#### Description of the task:
From the data below, repeat exactly the lines from the line with "URBAN CHIC >" to the line with "Radfahrer in der", both included.

#### Recorded information:
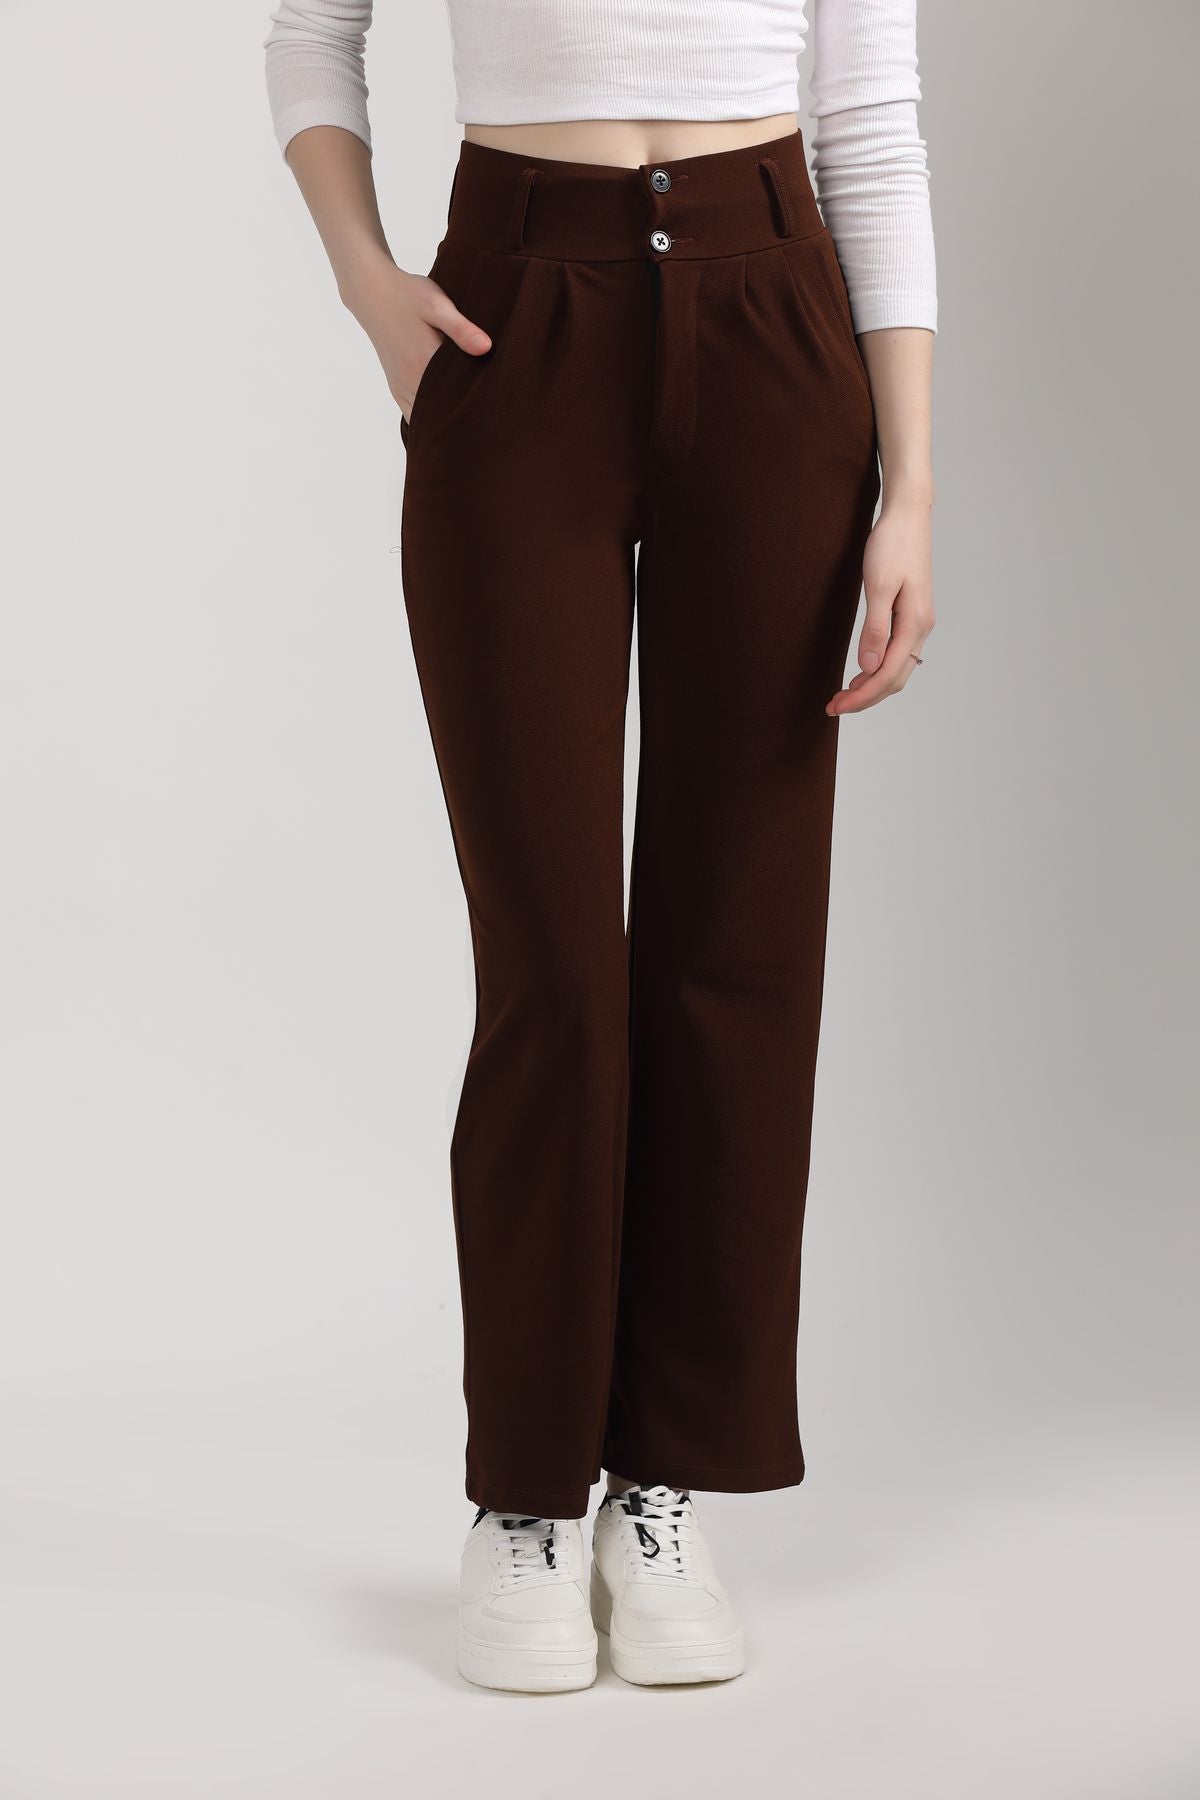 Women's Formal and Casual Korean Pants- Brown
==
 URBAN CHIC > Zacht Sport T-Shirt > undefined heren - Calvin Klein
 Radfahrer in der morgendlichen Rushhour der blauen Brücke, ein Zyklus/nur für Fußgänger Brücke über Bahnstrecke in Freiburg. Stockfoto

#### Expected answer:
 URBAN CHIC > Zacht Sport T-Shirt > undefined heren - Calvin Klein
 Radfahrer in der morgendlichen Rushhour der blauen Brücke, ein Zyklus/nur für Fußgänger Brücke über Bahnstrecke in Freiburg. Stockfoto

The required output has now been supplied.